ところが、親元にあたる「丸二商会」は、競合の出現を警戒。丸二商会は青井忠治氏に対しては商号を「丸二」から変更するように要請した。このため、青井忠治氏は商号を「丸井」に変更。1937年に株式会社丸井を発足し、丸二商会から完全に独立を果たした。
第二次世界大戦中に丸井の中野本店は休業していたが、終戦直後に中国人の王氏によってある日突然不法占拠され、中華料理屋兼結婚式場に様変わりした。これに対して、丸井の創業者・青井忠治は返還交渉を開始。
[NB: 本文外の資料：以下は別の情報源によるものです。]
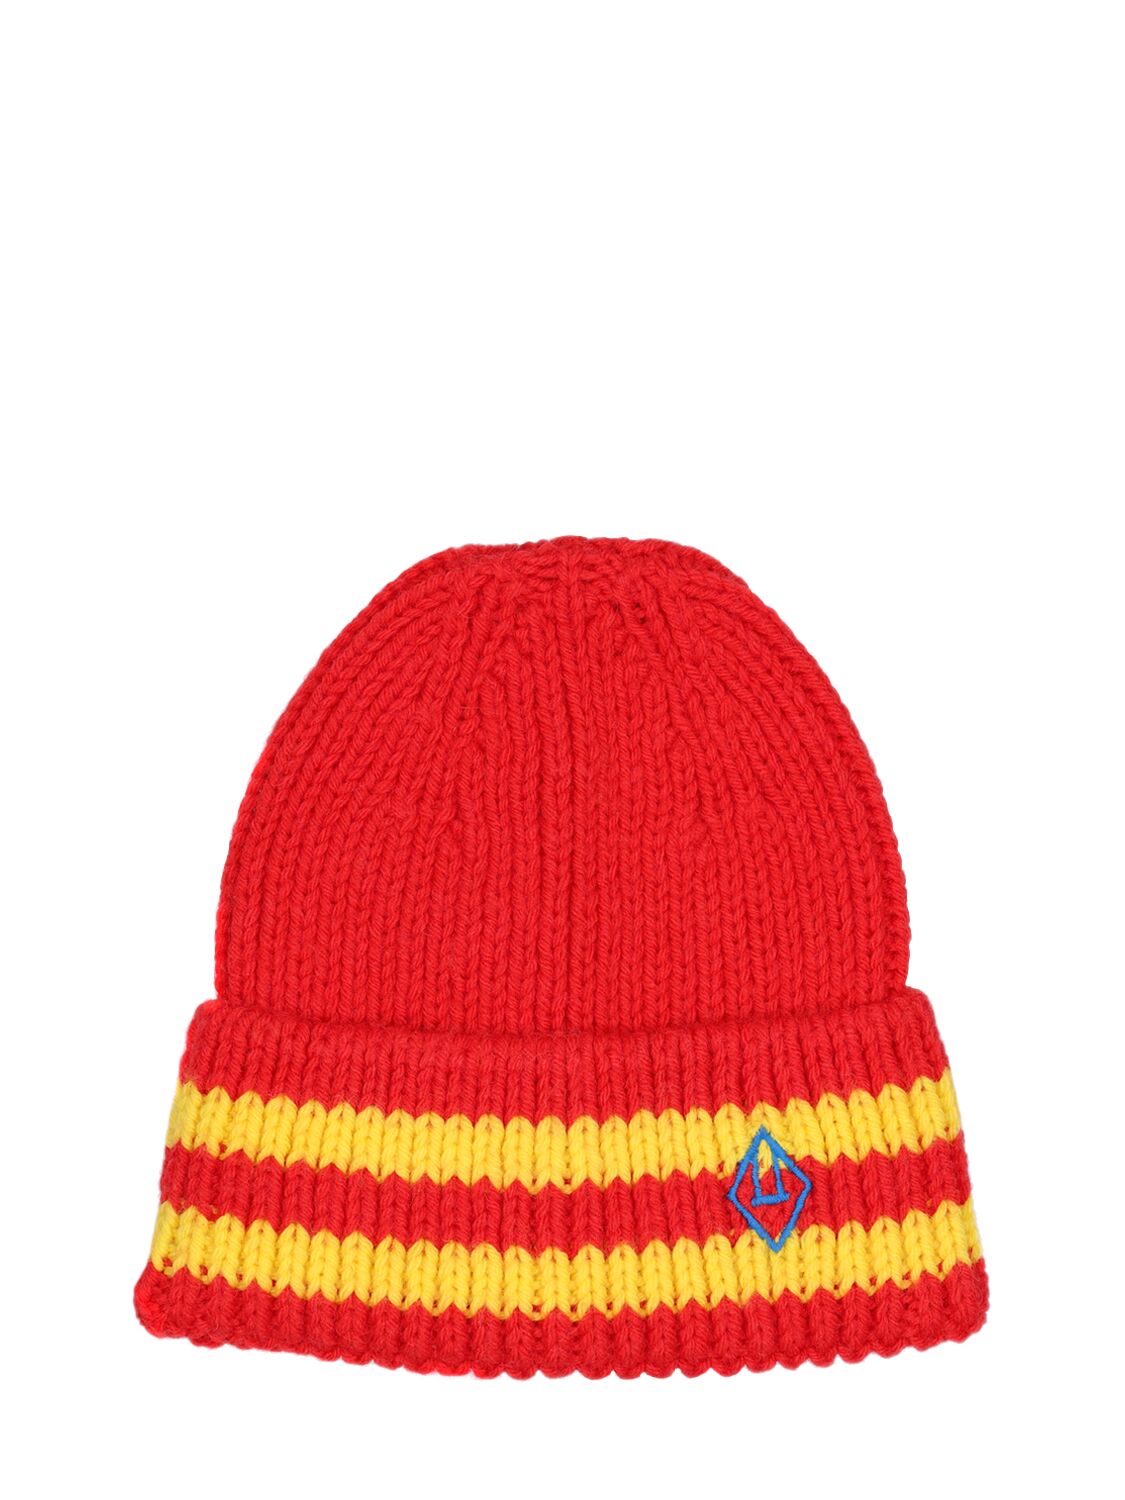 Image of Wool Knit Beanie

終戦直後は中国人に対して日本人の立場は弱く、交渉は命がけであったが、青井忠治は粘り強く交渉を継続する。
交渉を経て、1947年までに青井忠治は中国人に対する立ち退き要求に成功。だが、不法占拠した中国人は現在換算1億円を要求したため、青井忠治は自らの自宅(杉並区和田本町)を売却して、中野店を取り戻した。
1952年に丸井の創業者・青井忠治は渡米し、現地でコンピューターを活用したクレジットカードが普及している事実に驚愕。以後、青井忠治は丸井におけるクレジットカードの導入を模索する。
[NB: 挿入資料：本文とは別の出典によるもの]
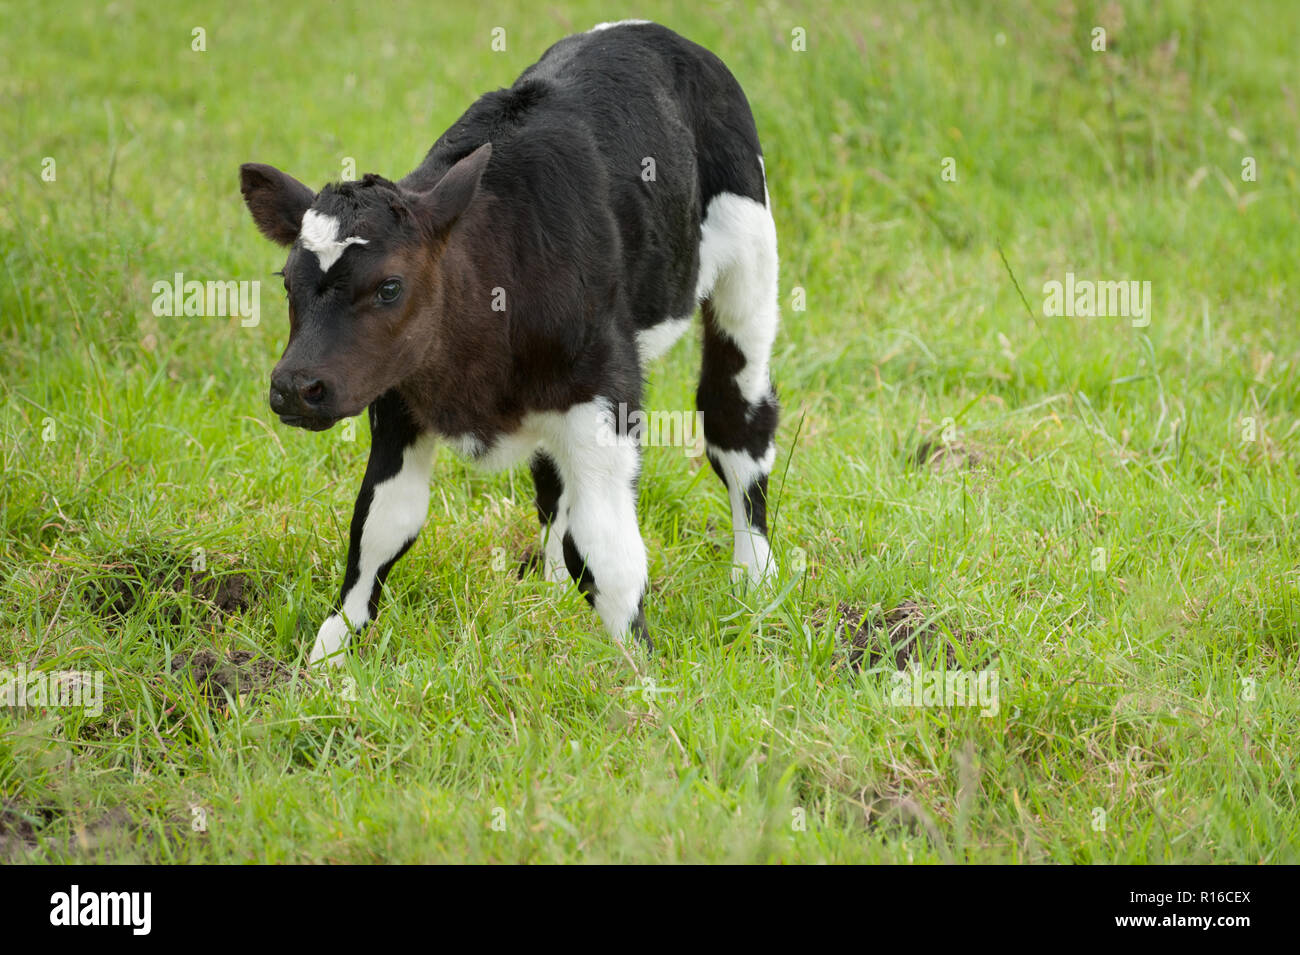 Cute new born calf standing up for the first time Stock Photo

そして、1960年に店舗専用のクレジットカードを導入した。発行初年度に5万枚のカードを発行し、うち30%が丸井の店舗に来店してカードを作成した。なお、日本初のクレジットカードの発行とされることもあるが、クレジットカードの定義が曖昧なため、断言しづらい面もある。
1960年代を通じて、丸井は小規模の月賦専門店における都配合を実施。東京都心部の主要駅前に大型店を出店することで「百貨店」に業態を近づける方針を決断して「月賦業界の三越」を目指す。1966年から1971年にかけて丸井は10店舗を閉鎖し、代わりに大型店の出店を最重要課題に据えることで、スクラップアンドビルドを急いだ。
丸井は店舗大型化を本格化させるために新宿進出を決断。当時、丸井の資本金が3.6億円出会ったのに対して、4億円を投資して新宿店(のちの新宿店ヤング館)を開業した。それまで丸井の最大の店舗だった吉祥寺店の2倍の店舗面積であり、丸井の旗艦店となる。社運をかけた投資について、青井忠治は「今後の当社の命運を決するものでありまして、誠に責任の重大さを痛感しています」と述べている。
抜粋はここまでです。